I’m busy preparing for next week’s library lessons. G5 has one of my favourite units in “How We Express Ourselves”

People create messages to target specific audiences

Ostensibly it’s about advertising, as the lines of inquiry indicate,

1. Advertising techniques can be used to influence society (Perspective)
2. Critically evaluating messages presented in the media (Reflection)
3. Ways adverts can cause people to form opinions (Causation)

however to paraphrase and misquote Twain I’ve never let reality get in the way of a good lesson. So I’m loosely interpreting “media” to include books, and advertising to include things like book covers.

My opening salvo last week was “Cover Bias” where we looked at the cover of a book as the way in which it was advertised and I showed the class some more egregious examples of stereotype and bias in the creation of book covers

This week is my chance to tackle something I feel very strongly about – how the concept of children’s book diversity has been cornered by a very specific type of diversity – i.e. the North American type, which to be honest in the lives of my students is #NotOurDiversity. So I’d like to provide a counterbalance to that, as well as to start my students and everything thinking and curating resources that do reflect their diversity.

This is tomorrow’s provocation:

And I’m hoping at the end we can start creating a padlet of the books which they consider to be their mirrors, windows and sliding glass doors.

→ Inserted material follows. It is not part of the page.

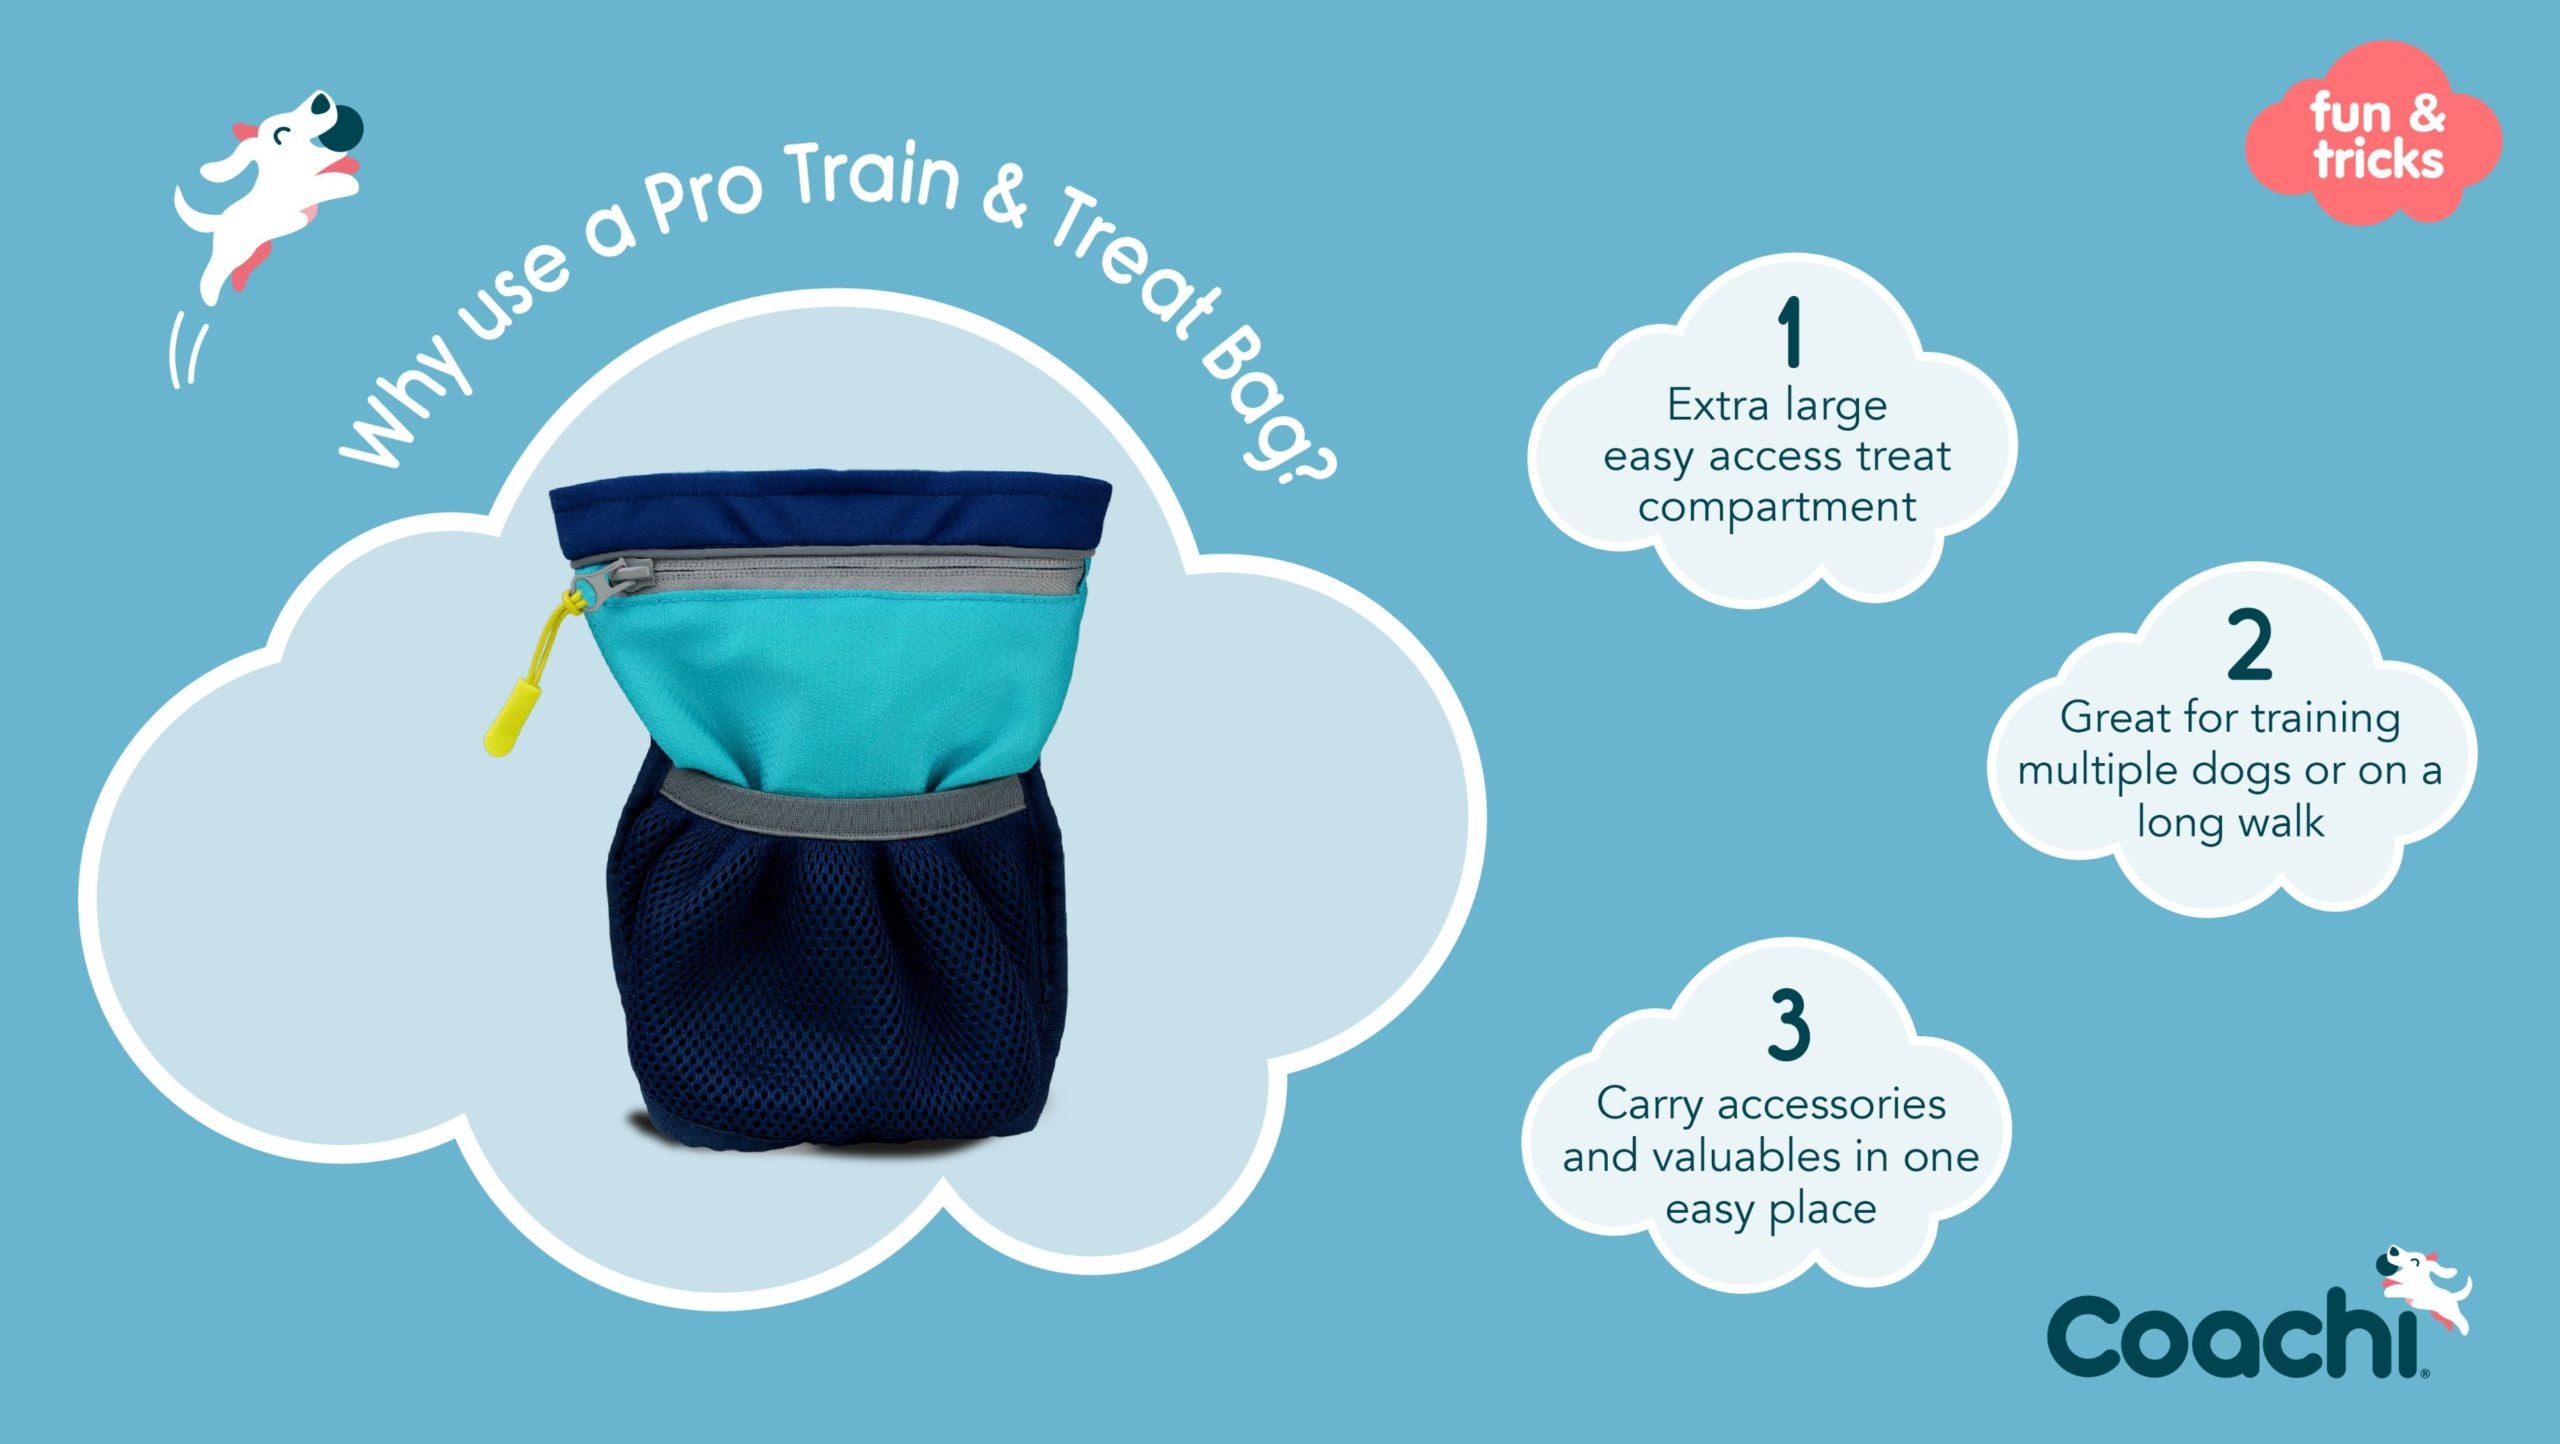 Coachi Pro Train & Treat Bag

What do I think their diversity looks like? Some of it is typical to 3CK (3 culture kids), but each place I’ve lived has delivered its own nuance:

  • Product of multi- cultural / linguistic parentage and heritage (including multi-racial if that is even a term that is at all relevant – I don’t think it is to them, but probably in other contexts, countries it would be)
  • Multi-national residential where home is defined more by current location of self, parents and siblings than by family and passport
  • Financial privilege that transcends typical migrant / immigrant issues and trauma
  • Underlying uncertainty on matters of identity and lack of sense of “place”
  • High expectations of resilience, grit and adaptability to constant change

Before anyone thinks that the market is too small to matter for book publishing for example should have a look at the numbers – 56.8m people estimated by 2017 and even more importantly the demographics of expatriation has changed dramatically and will continue to change – no more British administrator, the reality is more likely to be an Indian IT specialist or Korean Engineer. And so too our literature should be evolving to provide their children in international education the mirrors, windows and doors they are entitled to.